(ORDO NEWS) — Getting atoms to do what you want isn’t easy, but it’s at the heart of a lot of groundbreaking research in physics.
Creating and controlling the behavior of new forms of matter is of particular interest and an active area of ​​research.
Ultracold atoms, cooled to temperatures close to absolute zero (-273°C), are of great interest to researchers, as they allow us to see and study physical phenomena that would otherwise be impossible.
At these temperatures, colder than outer space, groups of atoms form a new state of matter (not solid, liquid, or gaseous) known as a Bose-Einstein condensate (BEC). In 2001, physicists were awarded the Nobel Prize for creating such a condensate.
The defining feature of a BEC is that its atoms behave quite differently than we would normally expect. Instead of acting as independent particles, they all have the same (very low) energy and coordinate with each other.
It’s like the difference between photons (particles of light) coming from the Sun, which can have many different wavelengths (energies) and oscillate independently of each other, while laser beams have the same wavelength and oscillate together.
In this new state of matter, the atoms act much more like a single, undulating structure than a group of individual particles.
The researchers were able to demonstrate undulating interference patterns between two different BECs and even create moving “BEC blobs”. The latter can be regarded as the atomic equivalent of a laser beam.
Drop movement
In our latest study, carried out with our colleagues Gordon Robb and Gian-Luca Oppo, we explored how specially shaped laser beams can be used to manipulate ultracold BEC atoms.
The idea of ​​using light to move objects is not new: when light hits an object, it can exert (very little) force. This radiation pressure is at the heart of the idea of ​​solar sails, in which the force exerted by sunlight on large mirrors can be used to propel a spacecraft through space.
However, in this study, we used a special type of light that can not only “push” atoms, but also rotate them, something like an “optical wrench.”
These laser beams look like bright rings (or doughnuts) rather than spots. and they have a swirling (helical) wavefront, as shown in the image below.
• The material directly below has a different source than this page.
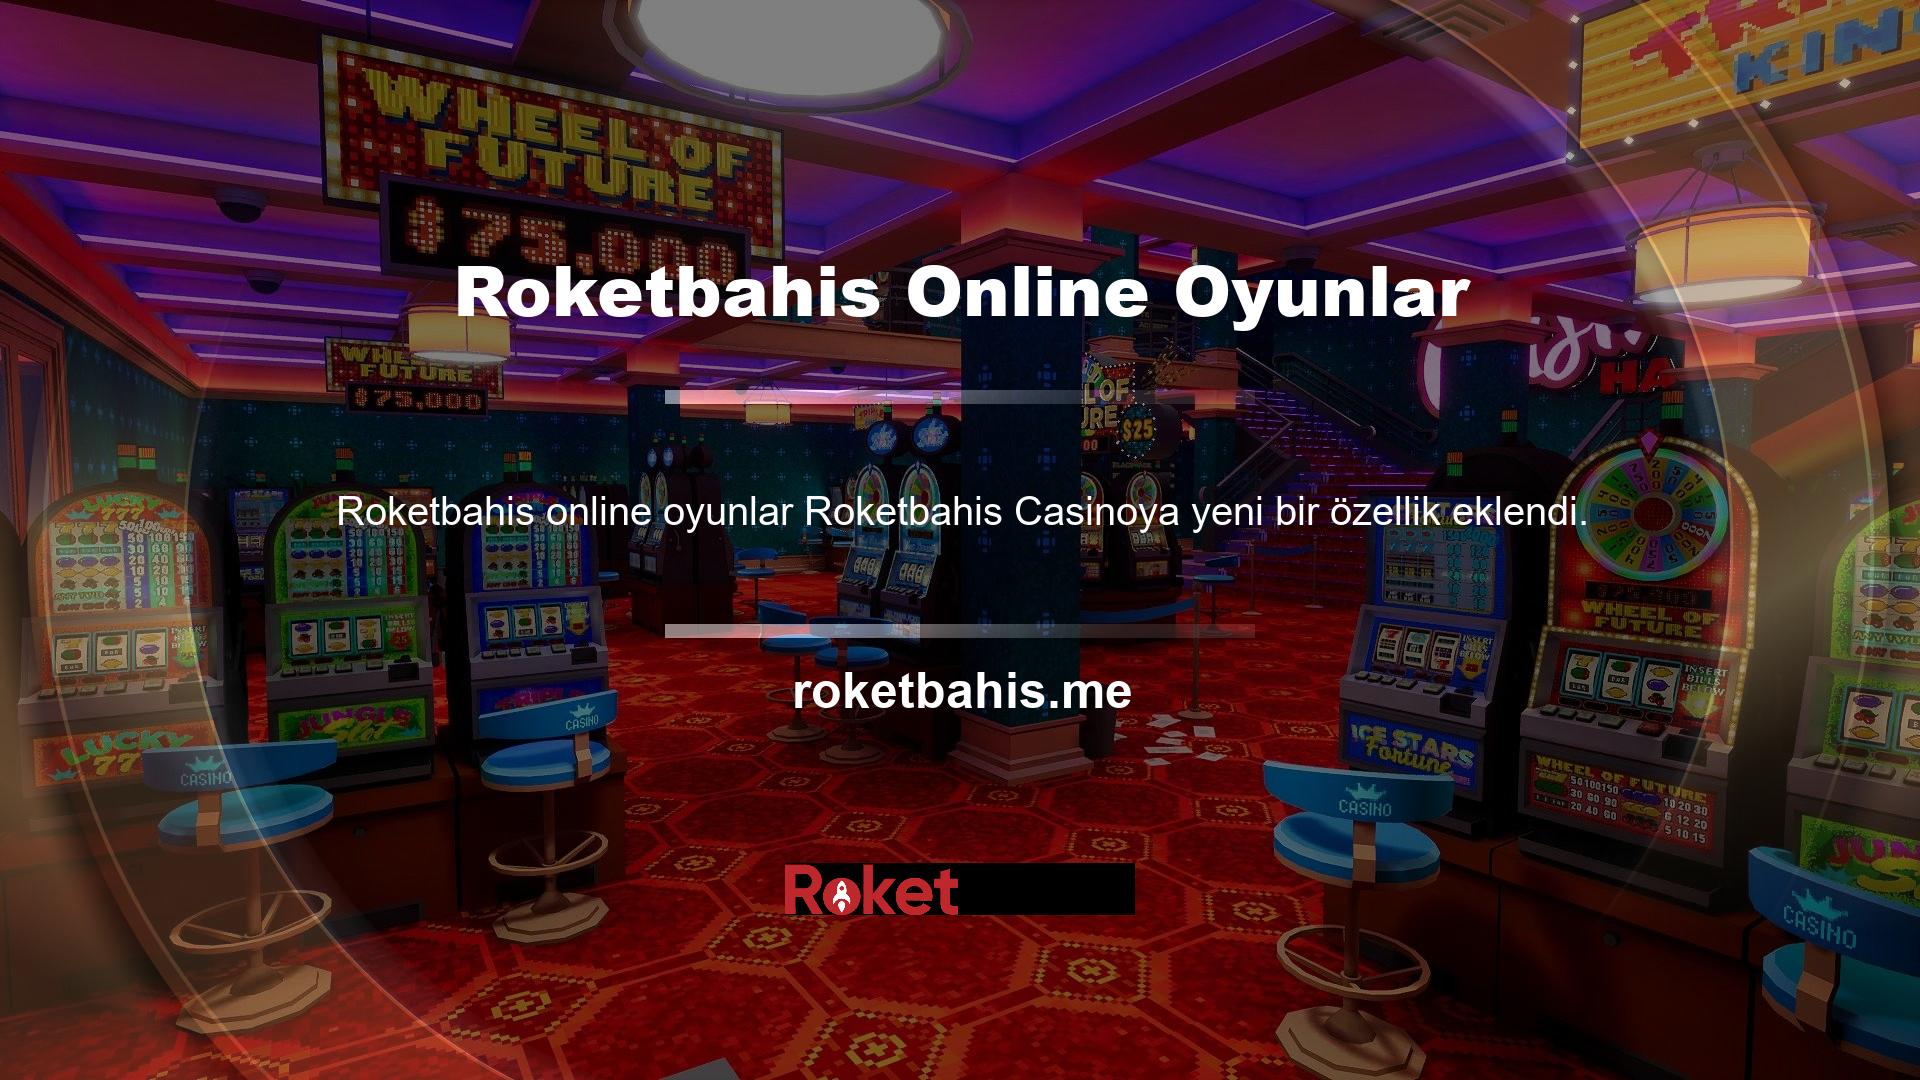 Günümüzde spor ve casino oyunları gelir elde etme yöntemi olarak kullanılmakta ve bu hizmetlere online oyunlar üzerinden de ulaşılabilmektedir

Under the right conditions, when such curved light is directed at a moving BEC, the atoms in it are first attracted to the bright ring and then rotate around it. .
As the atoms rotate, both light and atoms begin to form droplets that rotate around the original direction of the laser beam, and then are thrown outward, outside the ring.
The number of droplets is equal to twice the number of light swirls. By changing the number or direction of swirls in the initial laser beam, we had complete control over the number of droplets formed, as well as the speed and direction of their subsequent rotation (see image below).
Twisted light hits the moving BEC, forming a ring out of it, and then breaking it into several BEC droplets that rotate around the direction of the light before breaking free and twisting. (Grant Henderson and Allison Yao).
We could even prevent the atomic droplets from flying out of the ring so that they continue to orbit much longer, creating a form of supercold atomic current.
Ultracold atomic currents
This approach to the passage of curved light through ultracold atoms opens up a new and simple way to control and shape matter into unconventional and complex shapes.
One of the most exciting potential applications of BEC is the creation of “atomtronic circuits”, in which the material waves of ultracold atoms are guided and manipulated by optical and/or magnetic fields to form advanced equivalents of electronic circuits and devices such as transistors and diodes. /p>
The ability to reliably manipulate the shape of a BEC will eventually help create atomic-electronic circuits.
Our supercold atoms, acting as an “atomic superconducting quantum interference device” here, have the potential to provide a distant future. superb devices that n conventional electronics.
This is because neutral atoms cause less information loss than electrons, which normally make up the current. We also have the possibility to change the characteristics of the device more easily.
Most exciting, however, is the fact that our method allows us to produce complex atomic-electronic circuits that would simply be impossible to design with conventional materials.
This could help develop well-controlled and easily reconfigurable quantum sensors capable of measuring tiny magnetic fields that would otherwise be immeasurable.